Step 6: Use a Mind Map to Keep the Mapping Decisions Straight

Mind Map: Mapping Matrix Shapes to Hardware Execution Patterns

# Mapping Matrix Shapes to Hardware Execution Patterns - Inputs and Outputs - Target matrix W: M x N - Activations X: N x B - Hardware transform: M_hw x N_hw - Tiling Strategy - Column tiling - Split N into blocks of N_hw - Accumulate Y across tiles - Row tiling - Split M into blocks of M_hw - Assemble Y from detected blocks - Partial tiles - Pad inputs with zeros - Ignore unused outputs - Scheduling - Batch handling - One batch column per run - Parallel batch only if detection separates - Accumulation Location - Electrical accumulation - Sum detected outputs per tile - Optical accumulation - Only when measurement model supports separation - Implementation Checklist - Compute tile counts - Define padding rules - Specify run order and accumulation equations - Verify output indexing matches Y layout

Step 7: A Compact Worked Mapping Recipe

For \(W\in\mathbb{R}^{M\times N}\), mesh \(M_{hw}\times N_{hw}\), and batch \(B\):

Compute \(T_r=\lceil M/M_{hw}\rceil\), \(T_c=\lceil N/N_{hw}\rceil\).
For each row tile \(r\) and column tile \(c\), run the mesh on the corresponding \(N_{hw}\)-length input slice (with zero padding if needed).
Detect outputs for the \(M_{hw}\) rows of that tile, then place them into the correct segment of \(Y\).
If you used column tiling, accumulate \(Y\) across \(c\) by summing the partial results elementwise.
Repeat for each batch column (or for each separated batch slot if your encoding supports it).

This recipe keeps the math consistent with the hardware’s I/O limits, and it prevents the classic “the indices look right but the accumulation is in the wrong place” bug.

2. Optical Interference and Coherent Light as a Computing Medium

2.1 Coherence, Phase, and Interference Fundamentals

Photonic matrix computing relies on a simple idea: when fields add, the result depends on their relative phase, not just their power.
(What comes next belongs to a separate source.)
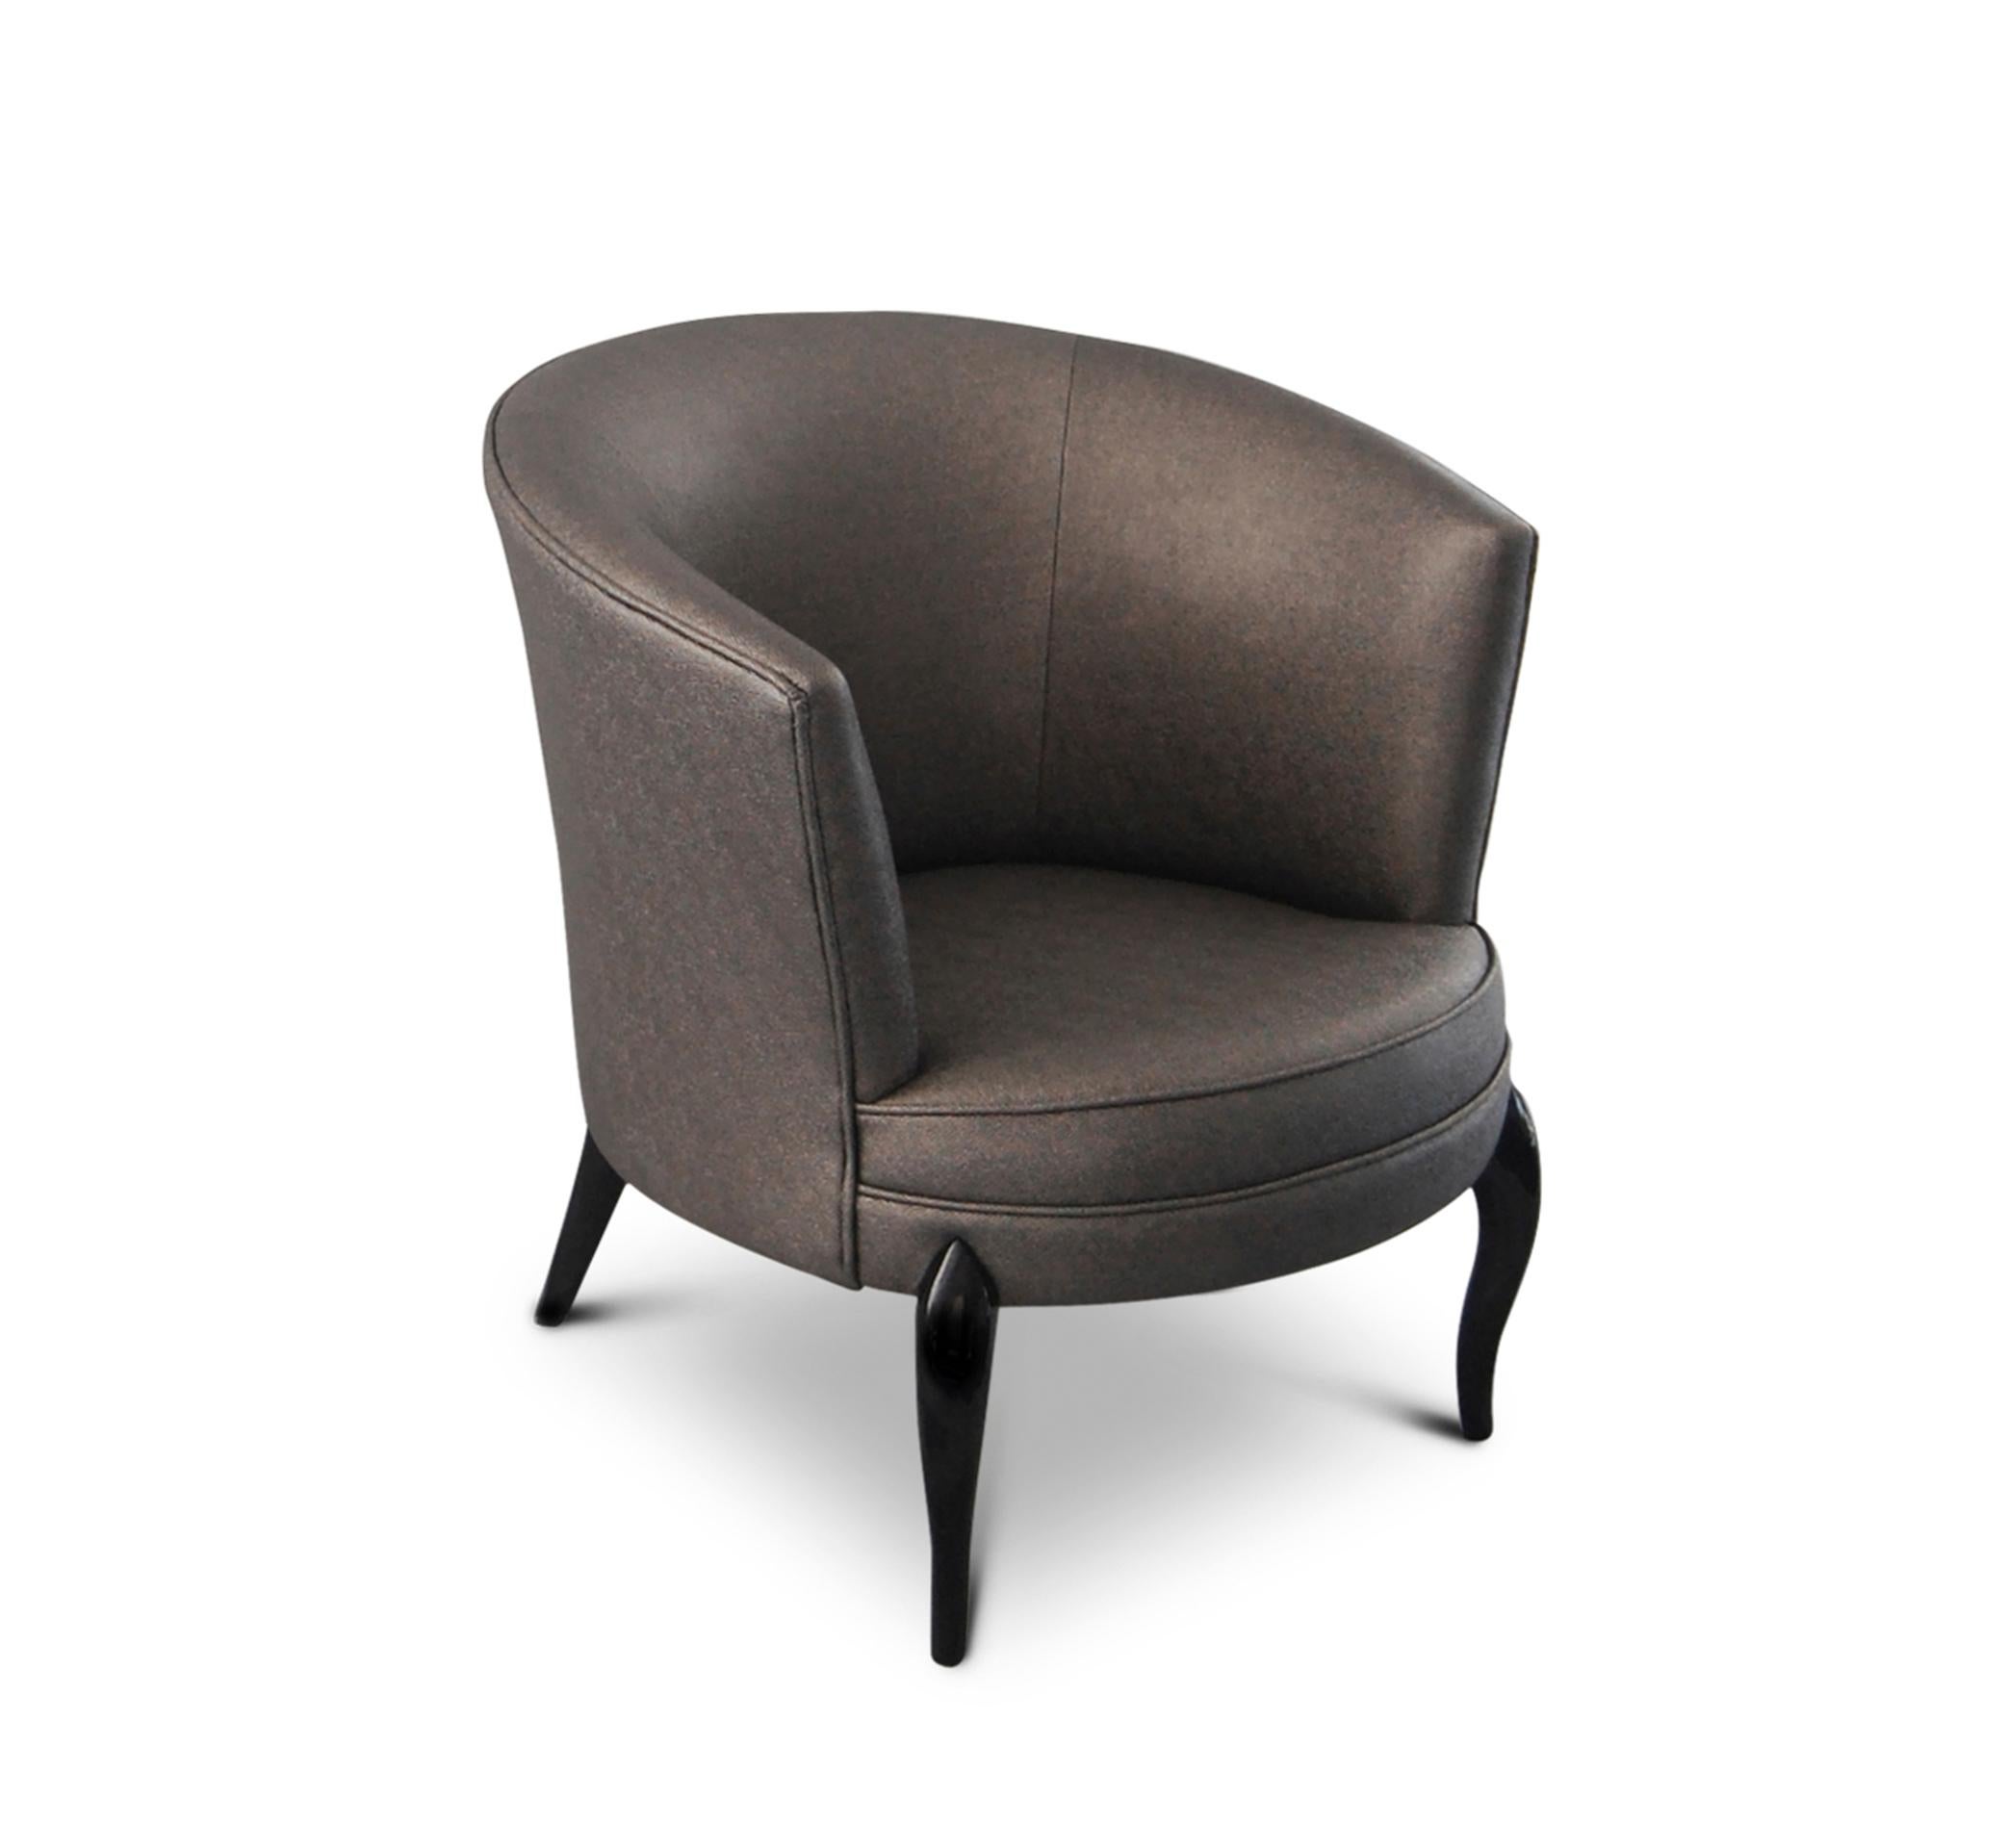 Portuguese Délice Chair For Sale

Coherence tells you whether that phase relationship stays usable long enough for computation; interference tells you how the fields combine into intensities that detectors can measure.

Coherence: When Phase Stays Meaningful

Start with a monochromatic field at angular frequency \(\omega\): \[E(t)=E_0 e^{j(\omega t+\phi)}\] The phase \(\phi\) is the knob that interference uses. Coherence describes how stable the phase difference between two paths remains over time and across the device.

Two practical coherence notions matter:

Temporal coherence: how long the phase stays correlated. If path length difference \(\Delta L\) exceeds \(c,\tau_c\) (with \(\tau_c\) the coherence time), interference visibility collapses.
Spatial coherence: how well different points across the beam share phase. Poor spatial coherence averages interference fringes out.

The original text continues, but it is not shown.